GOD EATER〜Dual sniper〜 作:CiAn.
「ねえ、クノー」
「ん、何?」
狩り終わった小型アラガミを一瞥してから、私はブラッドの副隊長に声をかけた。少し気になっていたことがあったから。
「あなたとこうして任務をこなしていくことでブラッド・バレットも使えるようになって、感応種とも渡り合えるようになれて感謝してるわ。でも、あなたは何を思ってここまでするの?」
いくら同じゴッドイーターだからとはいえここまで1人の人間に対して最善を尽くそうとするなど中々ないことだ。まして顔も知らない他人なら。
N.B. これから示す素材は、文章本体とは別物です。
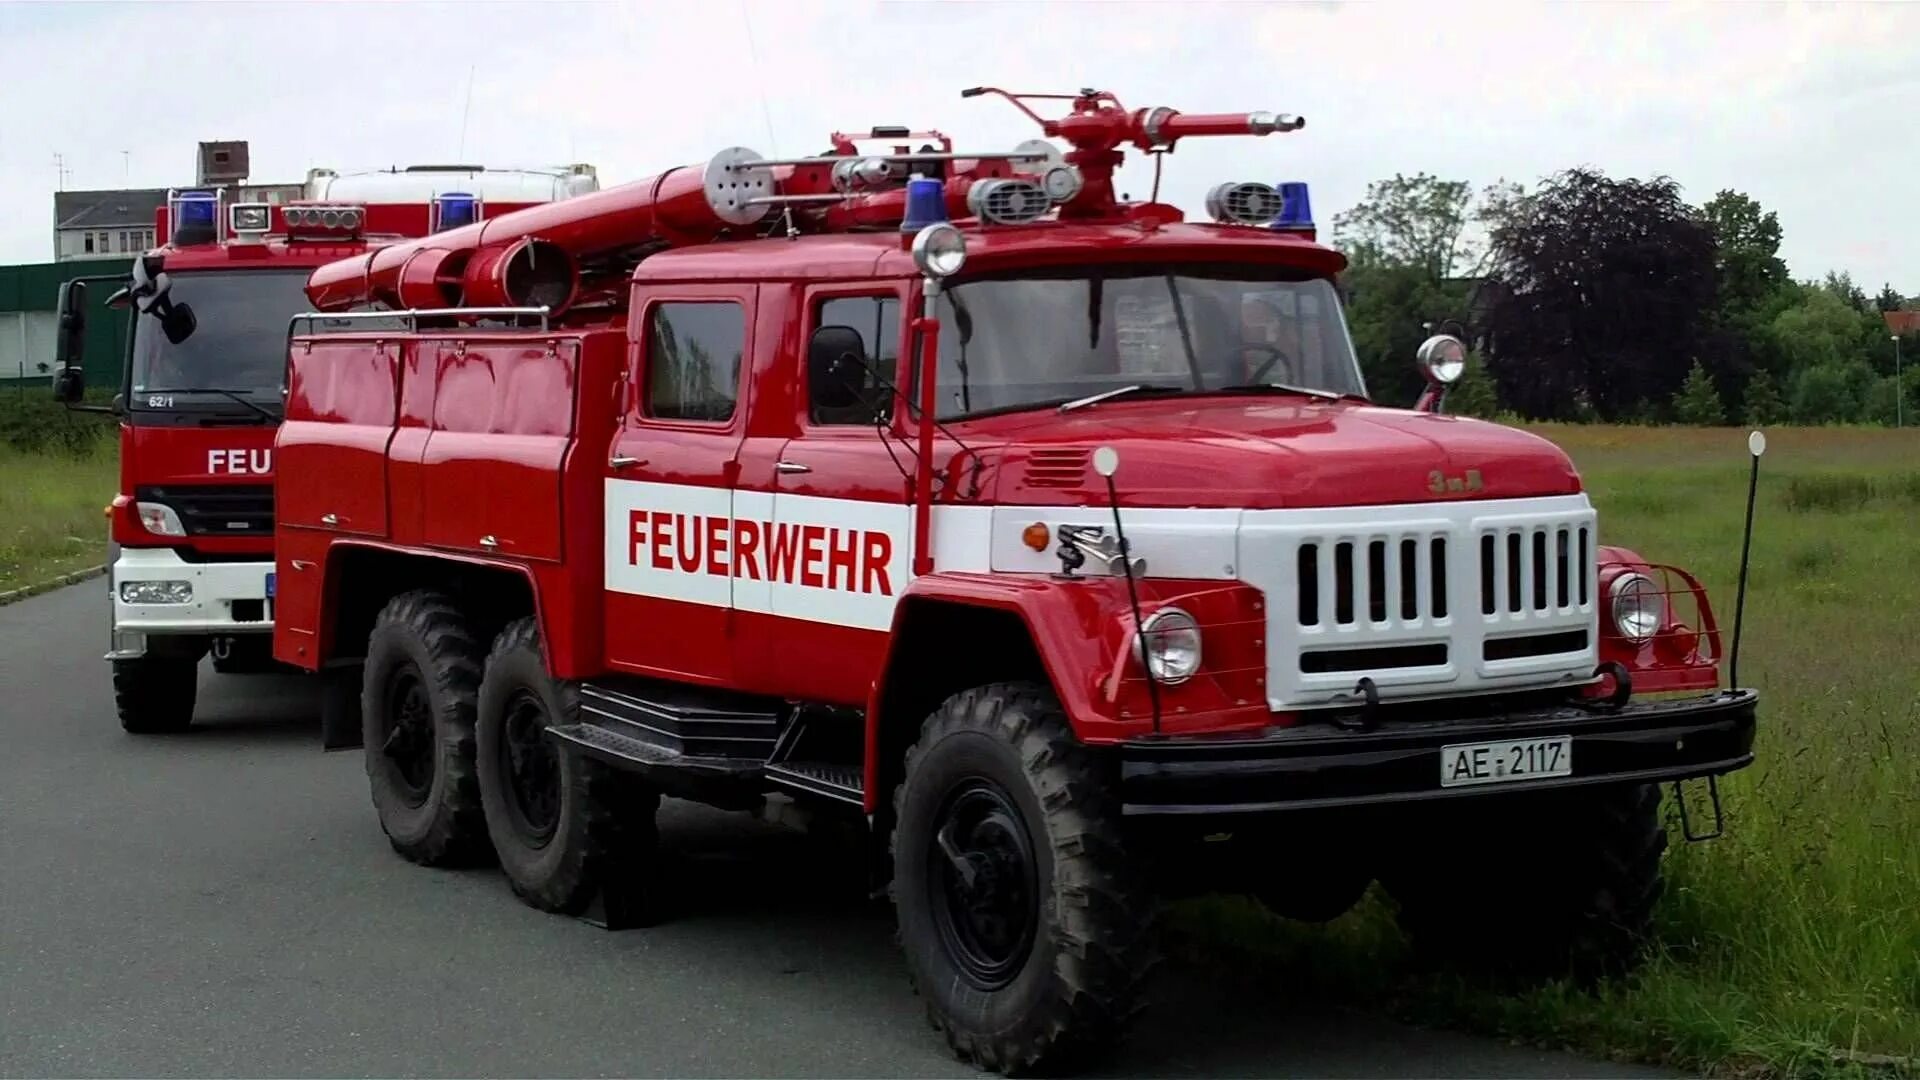 Пожарная машина ЗИЛ 131. ЗИЛ 131 пожарный Германия. ЗИЛ 130 пожарный. ЗИЛ-131 пожарный автомобиль.

「大した理由じゃないの。私にはフェンリルに恩があるだけ」
「恩……?」
「ええ。と言っても子供の頃にアラガミに襲われていたところを助けてもらっただけだから気にすることないっていつも言われるんだけどね。……でも私はそうやって誰かを救えるなら自分にできることは一つ残さずやりきりたいんだ」
そこからゴッドイーターになろうと言うのだから大した度胸だ。アラガミに襲われた者は大抵心にトラウマを抱えることが多い。そこからまたアラガミと対峙しようとすることがどれだけ勇気がいることか。
「食えない人ね、あなたも」
「これでもブラッドの副隊長だからね〜。普通じゃやってけないって」
そんなおどけた風な様子ではあったが、彼女のゴッドイーターとしての覚悟は先の戦闘で容易に計り知れた。自らの命を危険に晒し人類の守護者として戦う者の自尊心と責任感が感じられた。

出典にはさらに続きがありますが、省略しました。